Le traitement de la polychondrite est mal codifié en raison de la
rareté de la maladie. Il repose sur la corticothérapie utilisée par
voie systémique, à des posologies qui varient en fonction du type
d’atteinte. Les immunosuppresseurs (azathioprine, cyclophos-
phamide) sont justifiés dans les atteintes vasculaires sévères.
Le méthotrexate peut être utilisé pour éviter la cortisone (9).

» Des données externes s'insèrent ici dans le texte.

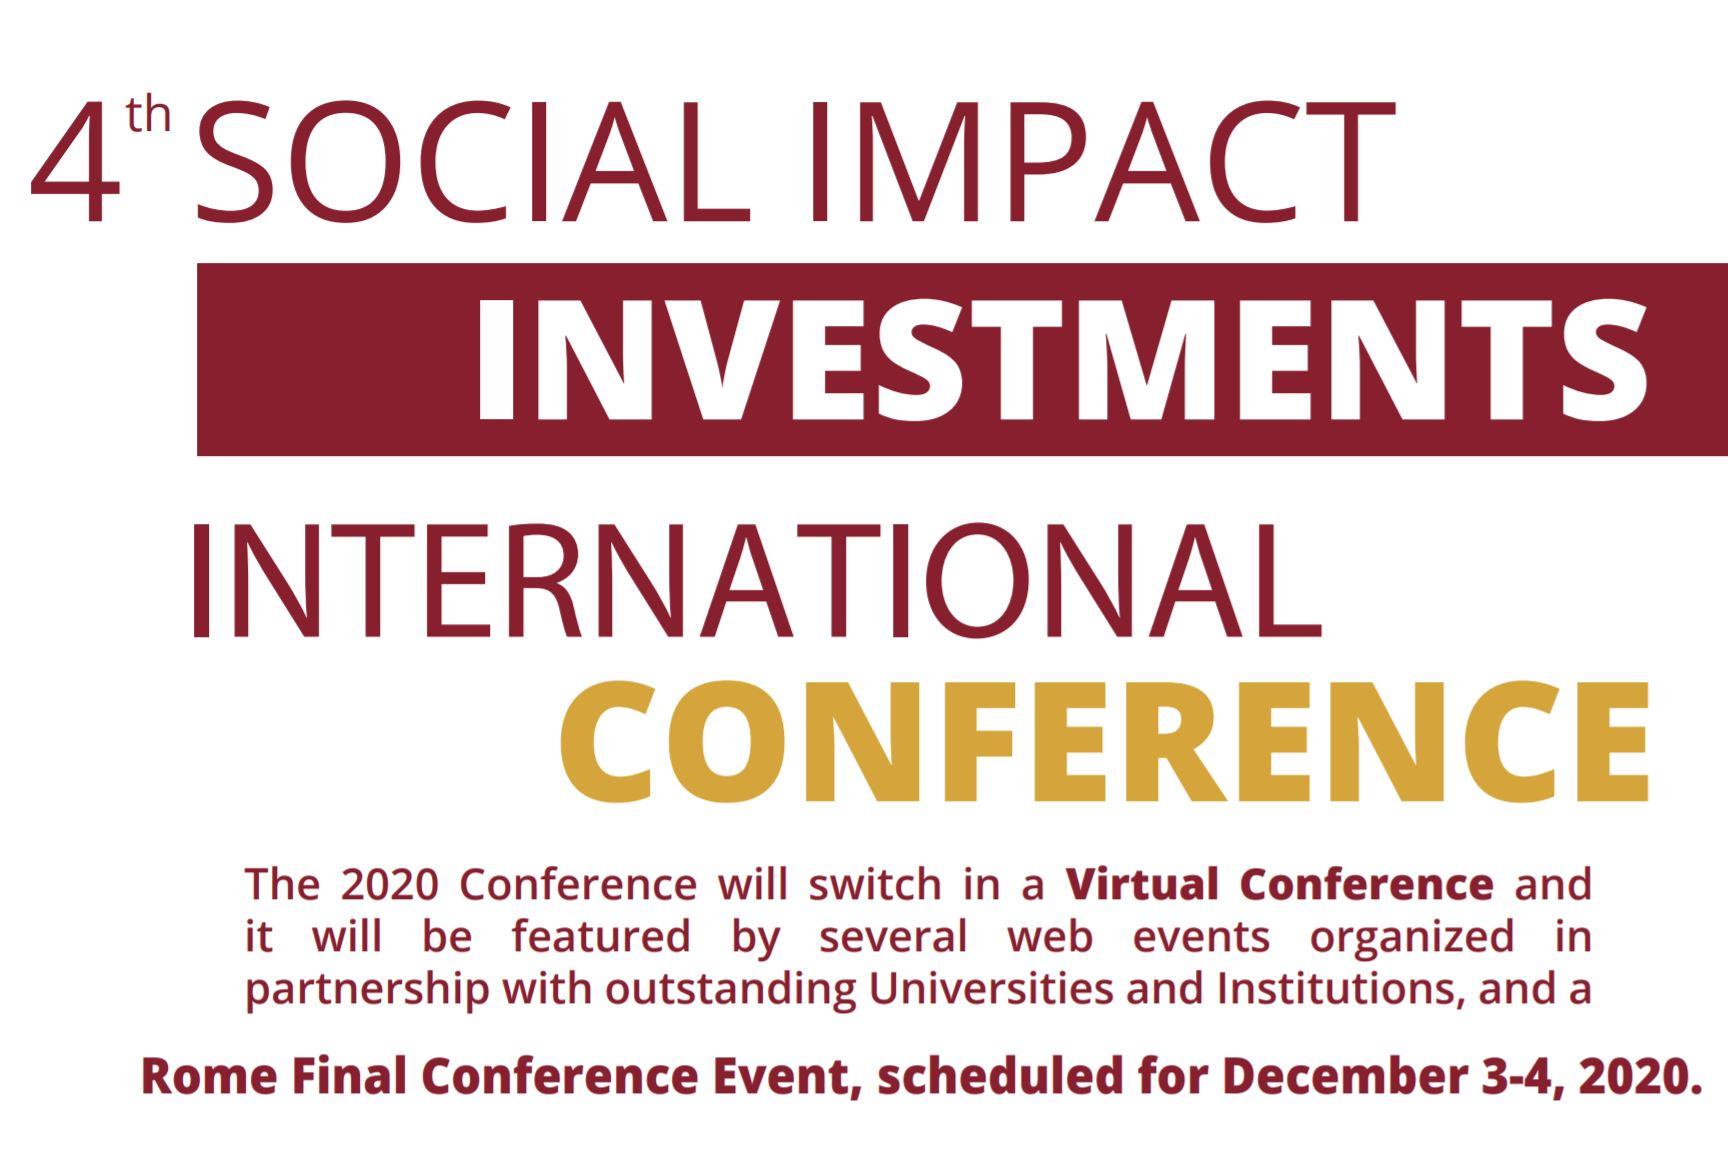 social-impact-investments_la-torre-1
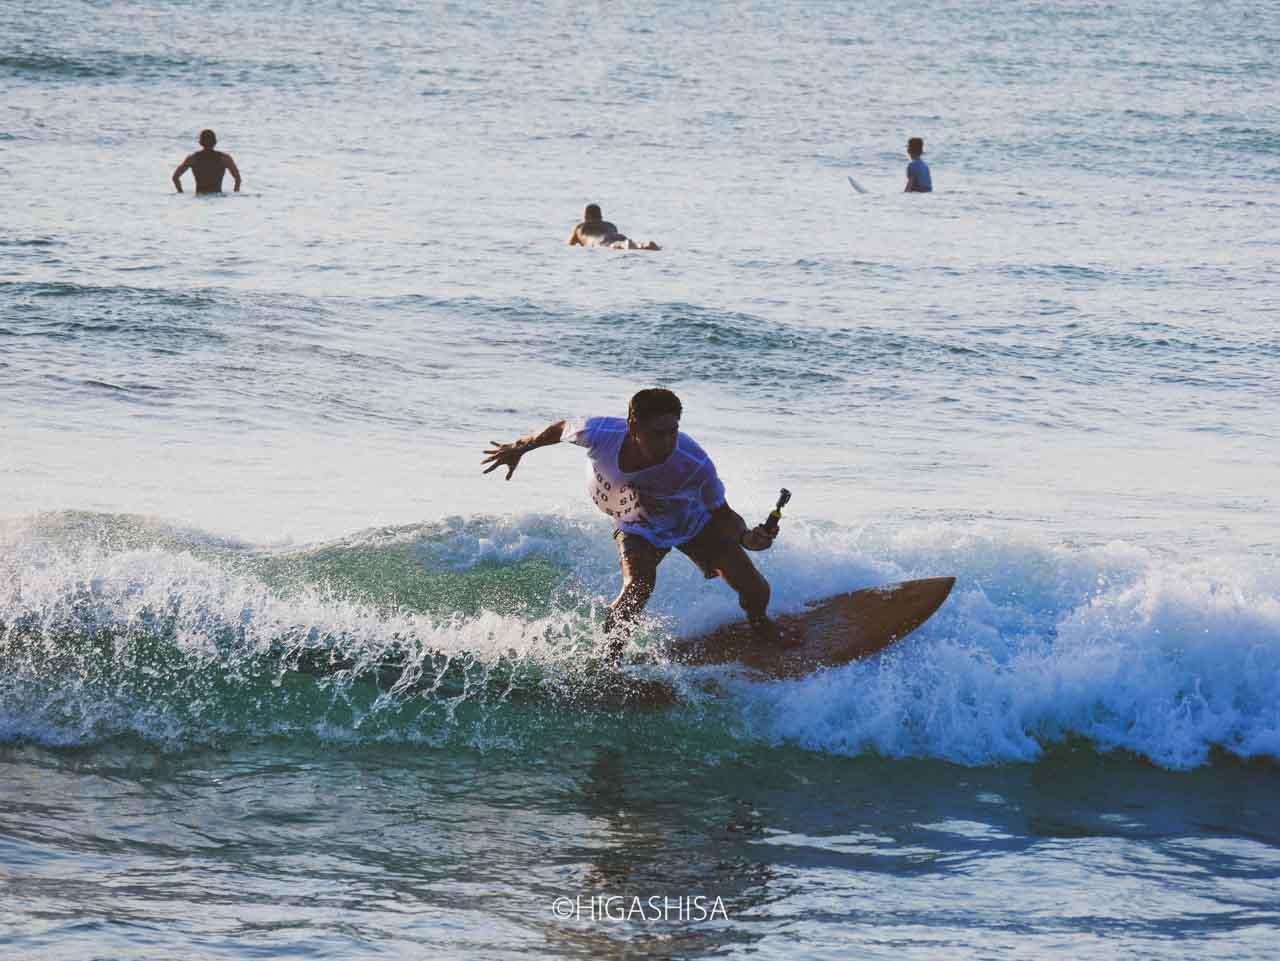 taiwan-surfing

D’autres traitements comme les échanges plasmatiques et les
très modernes thérapies biologiques (les inhibiteurs du TNFα,
l’inhibiteur du récepteur de l’IL-6, l’antagoniste du récepteur de
l’IL-1) ont été testés avec de bons résultats, mais le nombre de
patients est à ce jour trop faible pour évaluer leur intérêt.
Conclusion
La polychondrite atrophiante est une maladie rare. Les
manifestations ORL liées aux atteintes cartilagineuses
peuvent être révélatrices de la maladie. Une fois le diagnostic
évoqué, une prise en charge rapide et multidisciplinaire
permet d’améliorer le pronostic, aussi bien en ce qui concerne
le handicap auditif que les atteintes systémiques.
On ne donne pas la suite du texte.